** RAW DATA follows **

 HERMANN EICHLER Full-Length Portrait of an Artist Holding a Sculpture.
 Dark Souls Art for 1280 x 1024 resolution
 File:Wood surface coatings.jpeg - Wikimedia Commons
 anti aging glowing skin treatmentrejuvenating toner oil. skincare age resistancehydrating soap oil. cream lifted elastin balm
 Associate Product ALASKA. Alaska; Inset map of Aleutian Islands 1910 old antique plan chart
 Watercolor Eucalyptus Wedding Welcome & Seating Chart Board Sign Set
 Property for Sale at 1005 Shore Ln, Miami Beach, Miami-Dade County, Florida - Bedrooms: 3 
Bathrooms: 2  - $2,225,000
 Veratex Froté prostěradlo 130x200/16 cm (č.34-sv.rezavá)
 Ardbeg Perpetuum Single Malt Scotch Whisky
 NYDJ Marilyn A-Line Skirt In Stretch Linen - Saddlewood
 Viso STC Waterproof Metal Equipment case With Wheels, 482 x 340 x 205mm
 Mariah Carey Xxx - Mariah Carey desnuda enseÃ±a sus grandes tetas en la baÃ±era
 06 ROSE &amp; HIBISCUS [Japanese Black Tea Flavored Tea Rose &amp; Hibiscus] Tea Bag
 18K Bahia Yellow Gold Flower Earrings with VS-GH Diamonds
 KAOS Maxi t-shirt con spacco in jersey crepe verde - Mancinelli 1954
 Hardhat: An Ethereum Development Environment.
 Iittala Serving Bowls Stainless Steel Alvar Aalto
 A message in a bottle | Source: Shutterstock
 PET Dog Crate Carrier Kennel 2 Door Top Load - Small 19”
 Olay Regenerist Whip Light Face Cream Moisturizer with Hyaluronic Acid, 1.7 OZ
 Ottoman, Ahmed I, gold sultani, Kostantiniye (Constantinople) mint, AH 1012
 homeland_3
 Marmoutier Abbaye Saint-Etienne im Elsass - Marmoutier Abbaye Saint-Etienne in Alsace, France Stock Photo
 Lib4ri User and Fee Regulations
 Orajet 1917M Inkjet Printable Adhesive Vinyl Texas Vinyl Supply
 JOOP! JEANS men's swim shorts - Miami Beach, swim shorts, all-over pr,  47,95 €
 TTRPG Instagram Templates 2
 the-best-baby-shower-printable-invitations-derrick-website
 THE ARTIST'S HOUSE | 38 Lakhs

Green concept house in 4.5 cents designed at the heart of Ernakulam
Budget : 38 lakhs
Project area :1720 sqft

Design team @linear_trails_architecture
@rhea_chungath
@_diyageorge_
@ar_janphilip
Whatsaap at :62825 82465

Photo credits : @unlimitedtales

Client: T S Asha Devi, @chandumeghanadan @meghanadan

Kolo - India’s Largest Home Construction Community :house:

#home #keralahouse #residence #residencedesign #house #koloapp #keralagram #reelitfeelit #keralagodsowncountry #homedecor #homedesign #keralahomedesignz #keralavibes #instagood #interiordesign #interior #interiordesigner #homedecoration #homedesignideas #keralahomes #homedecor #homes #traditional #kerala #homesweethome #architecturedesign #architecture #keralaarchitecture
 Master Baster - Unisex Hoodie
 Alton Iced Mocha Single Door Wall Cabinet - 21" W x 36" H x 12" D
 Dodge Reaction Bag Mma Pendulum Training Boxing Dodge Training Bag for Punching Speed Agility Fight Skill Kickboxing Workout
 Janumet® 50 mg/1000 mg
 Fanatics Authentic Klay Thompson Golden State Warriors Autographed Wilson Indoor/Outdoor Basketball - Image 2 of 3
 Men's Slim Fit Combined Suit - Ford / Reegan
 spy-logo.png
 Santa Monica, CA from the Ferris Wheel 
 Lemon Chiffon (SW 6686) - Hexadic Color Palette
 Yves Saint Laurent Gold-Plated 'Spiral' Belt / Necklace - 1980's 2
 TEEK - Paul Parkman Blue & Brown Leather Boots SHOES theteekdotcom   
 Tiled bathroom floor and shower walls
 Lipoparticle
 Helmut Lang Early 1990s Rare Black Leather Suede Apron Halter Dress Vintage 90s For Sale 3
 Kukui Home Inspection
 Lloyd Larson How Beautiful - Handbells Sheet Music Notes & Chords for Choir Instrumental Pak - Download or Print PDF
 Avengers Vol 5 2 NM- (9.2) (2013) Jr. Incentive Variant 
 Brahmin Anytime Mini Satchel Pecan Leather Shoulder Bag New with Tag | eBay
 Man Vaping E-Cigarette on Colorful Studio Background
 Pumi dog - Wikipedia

** End of RAW DATA **

* DIRECTIONS *
Among the entries above, how many lines include "shower"? State the number and nothing else.

* FINISHED TASK *
2